> Records provided
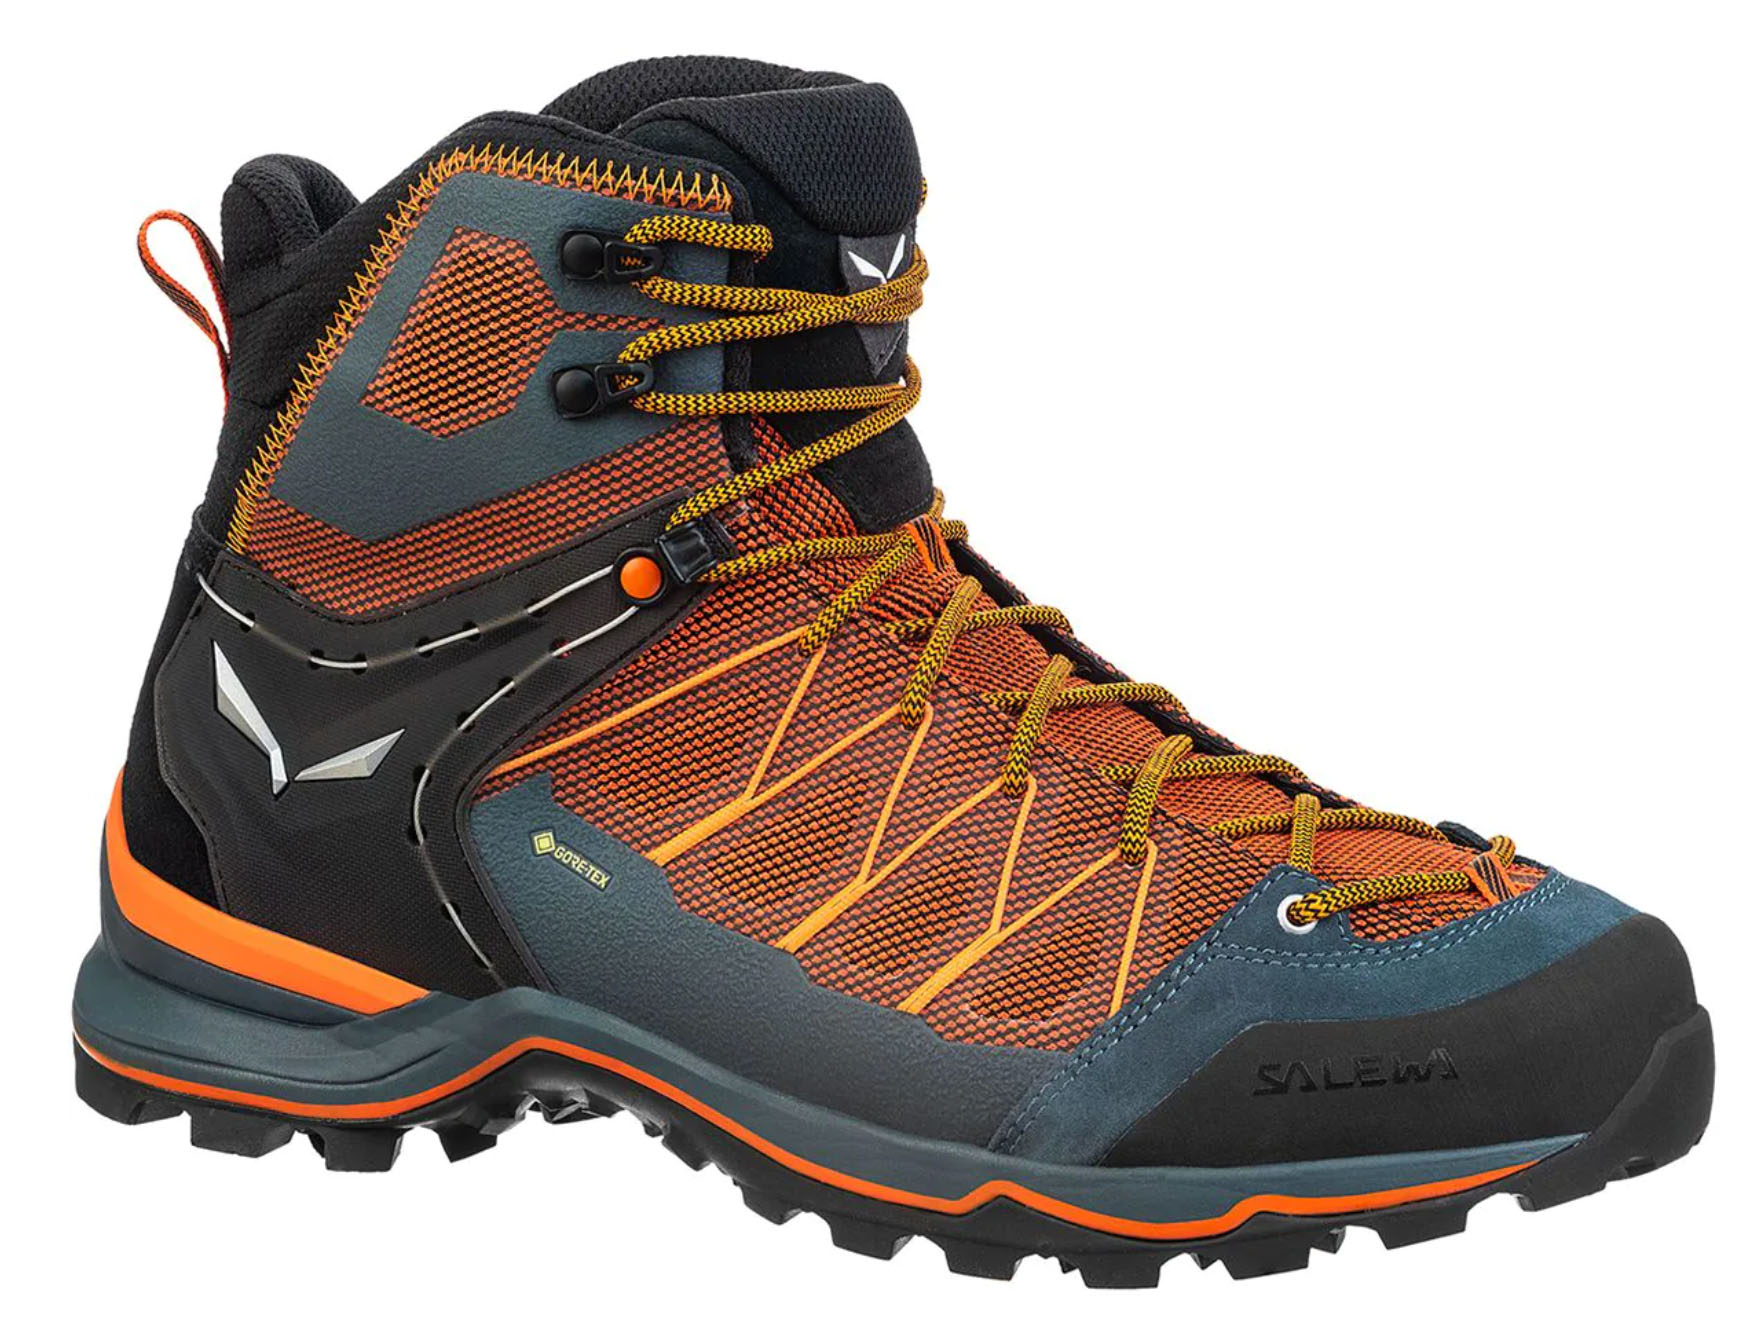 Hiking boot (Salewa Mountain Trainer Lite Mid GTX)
...
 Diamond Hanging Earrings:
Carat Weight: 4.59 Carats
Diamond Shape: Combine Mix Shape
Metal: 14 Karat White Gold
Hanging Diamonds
==
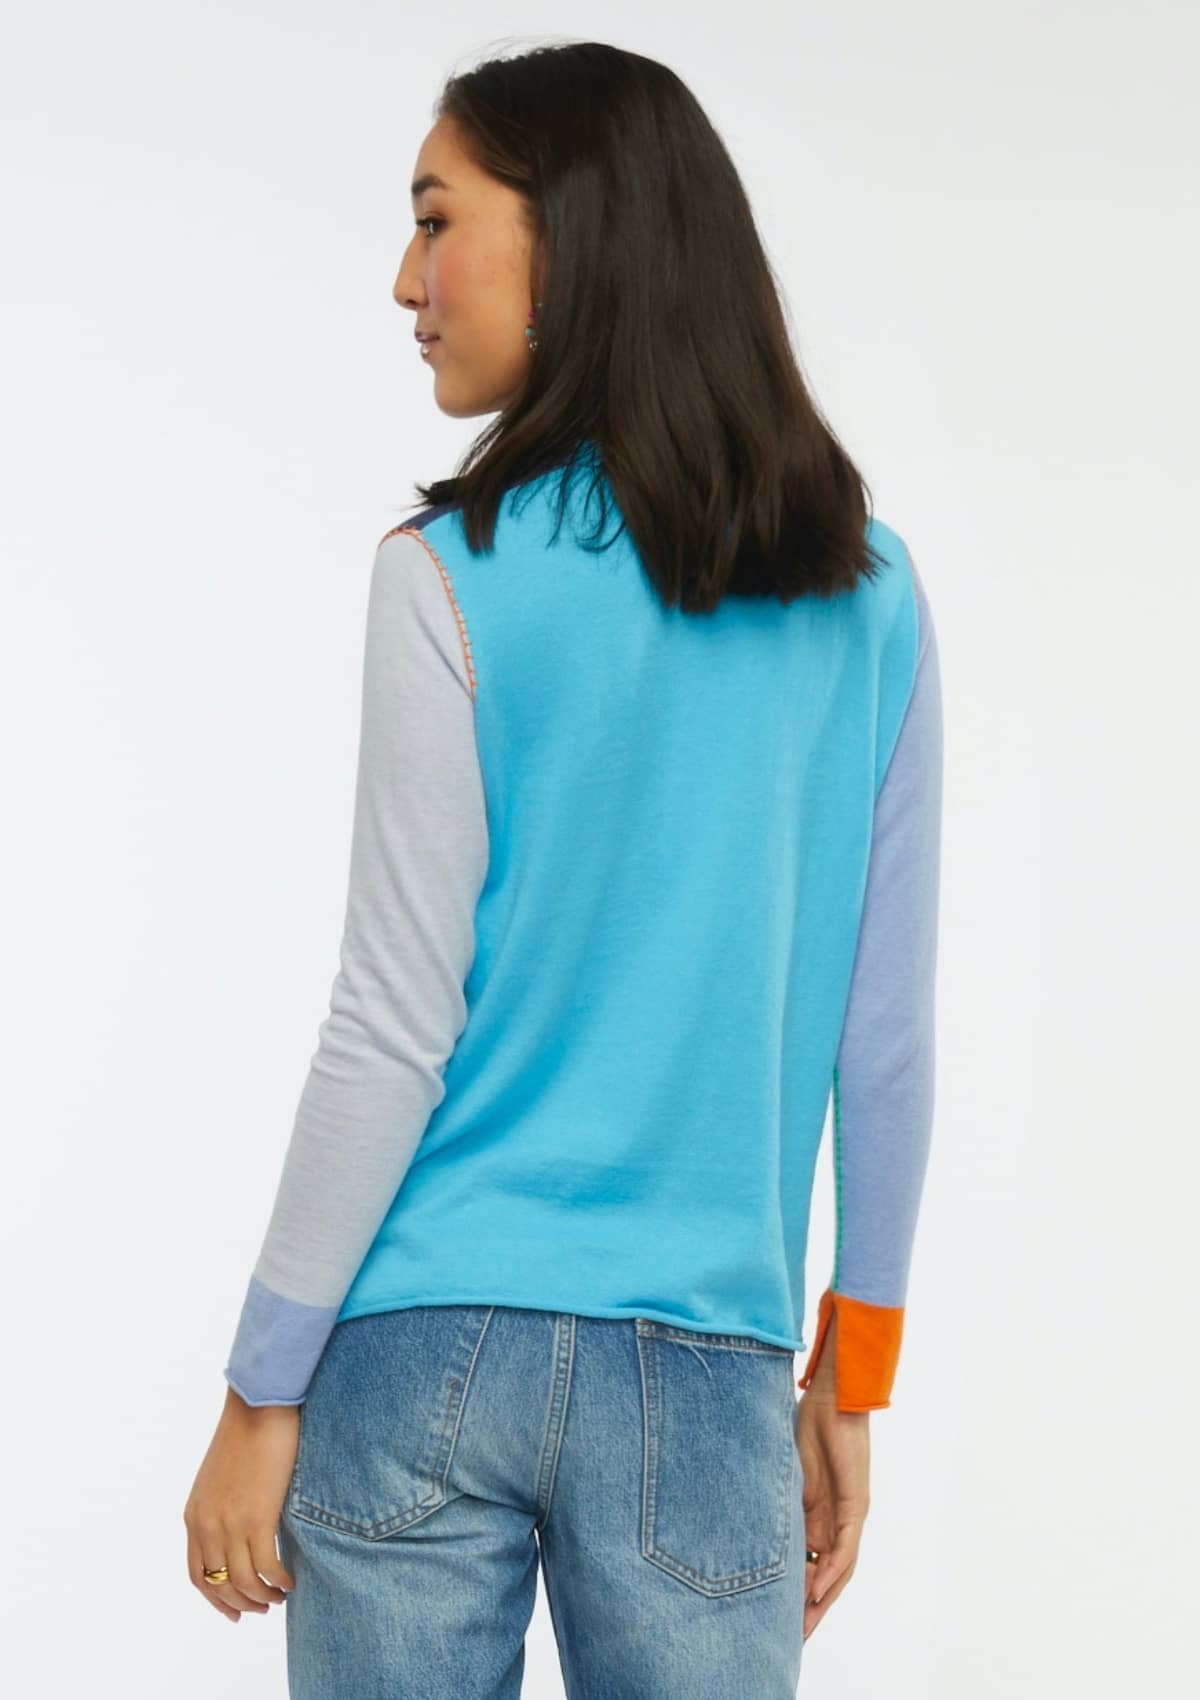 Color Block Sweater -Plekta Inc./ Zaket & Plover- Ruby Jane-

> Task goal
Show me each line of the listing above with "Hanging" in it.

> Exercise answer
 Diamond Hanging Earrings:
Hanging Diamonds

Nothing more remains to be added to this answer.